What is Puerto Rico?

 

On Tuesday, a protest march in Puerto Rico’s financial district turned violent.  The island appears to be in chaos and record numbers of residents are moving to the United States. The island’s financial health is dire, yet Puerto Rico is unable to declare bankruptcy under applicable federal laws.  In response, the federally appointed PROMESA board, in the words of Puerto Rico’s Governor Ricardo Rosello, “tries to ram policy measures down our throats.”  All of this is taking place in conformity with the United States Constitution, a document apparently committed to freedom and democratic principles.

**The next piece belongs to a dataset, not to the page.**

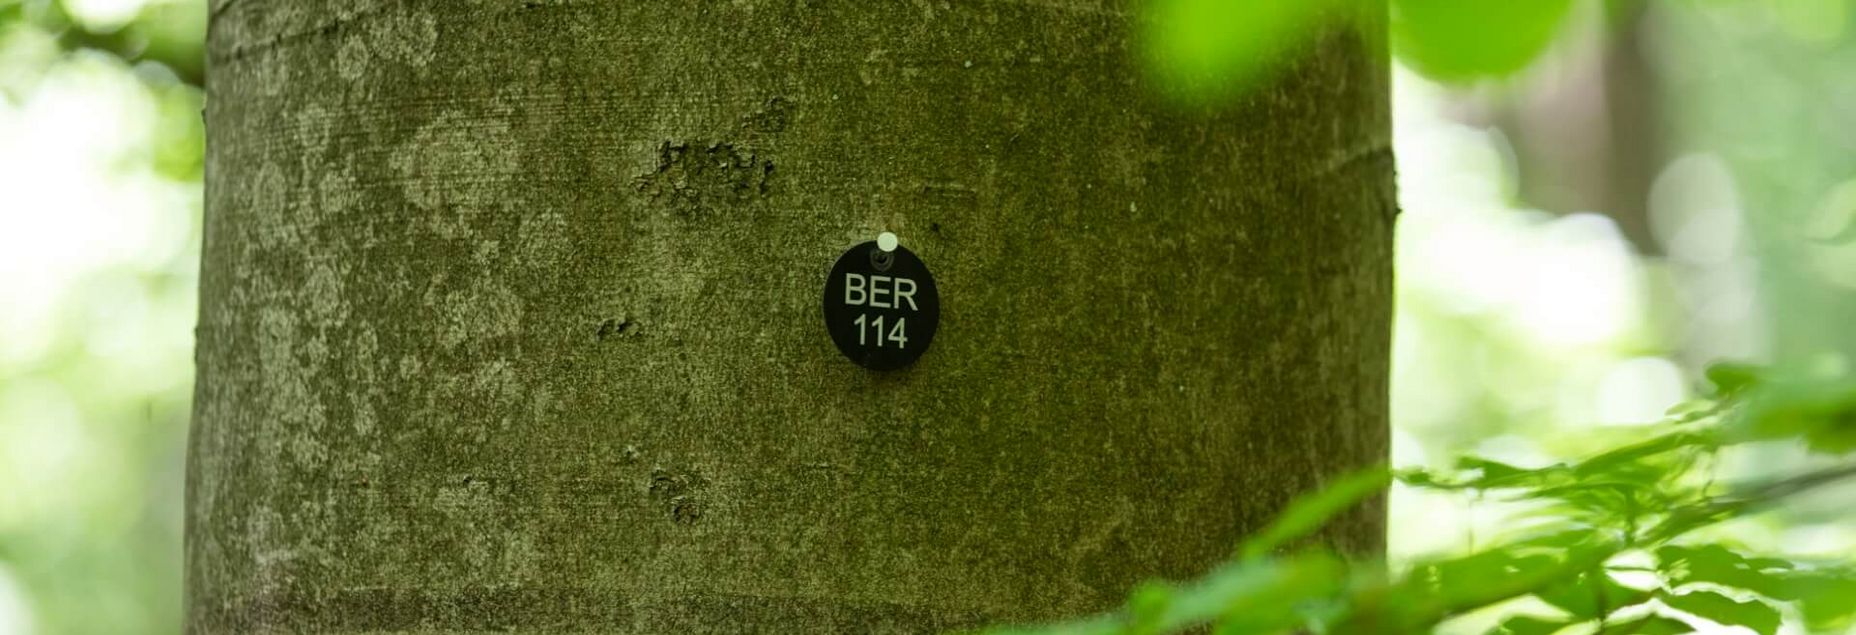 Baum BER 114 - Plakette

I have a million questions.

How did Puerto Rico come to this moment in history?  What explains the economic peril in which the island finds itself?  How to make sense of the status of the island and its citizenry as part of the larger American experiment?  One questions stands above all others.

What is Puerto Rico?

Puerto Rico is a state, according to many federal statutes.  Under 28 USC sec. 1332, “[t]he word “States”, as used in this section, includes . . . the Commonwealth of Puerto Rico.”  Under the Uniformed and Overseas Citizens Absentee Voting Act, “’State’ means a State of the United States, the District of Columbia, the Commonwealth of Puerto Rico, Guam, the Virgin Islands, and American Samoa.”  See also the text of the 14th Amendment, which specifically states that “No state shall. . .”  The 14th Amendment explicitly applies to states.  The 14th Amendment applies to Puerto Rico.

Puerto Rico is not a state.  Under the US Constitution, members of Congress are elected “by the people of the several states.”  Puerto Rico is not a state, so it receives no congressional representation.  Similarly, the Electoral College directs electors to meet “in their respective states.” Puerto Rico is not a state, so it has no electors and receives no representation is selecting president of the United States.

Puerto Rico is a commonwealth.  But so are Kentucky, Massachusetts, Pennsylvania, and Virginia.  So that label doesn’t help very much.

Puerto Rico is an unincorporated territory, according to the United States Supreme Court in the insular cases, decided between 1901 and 1922.  This means that the US Congress retains plenary powers over the island so long as fundamental rights are not involved.  This means, in other words, that Congress has the constitutional authority to appoint a financial oversight and management board for Puerto Rico without any voice for the island and its citizenry. The board thus takes us back full circle, to 1900 and the Foraker Act, the federal law that first established a civilian government for the island.  The fate of the island is once again controlled by political outsiders, unelected by the people of Puerto Rico.

Put indelicately, then: Puerto Rico is a colony, subject to the whims of the United States and its political class.  Puerto Rico is, in other words, whatever the heck you want it to be, as it suits Congress in any particular moment.  And the people of Puerto Rico, devoid of political representation in the halls of Congress or the electoral college, do not have any say in the matter.

Here’s the real question for us, then: how do we make sense of the status of Puerto Rico? Is the status of the island compatible with the US Constitution?  This is a way to ask the question that Robert Dahl asked a generation ago: “How Democratic is the American Constitution?”

For an answer, look no further than the protest march of two days ago. The people of Puerto Rico know the answer too well.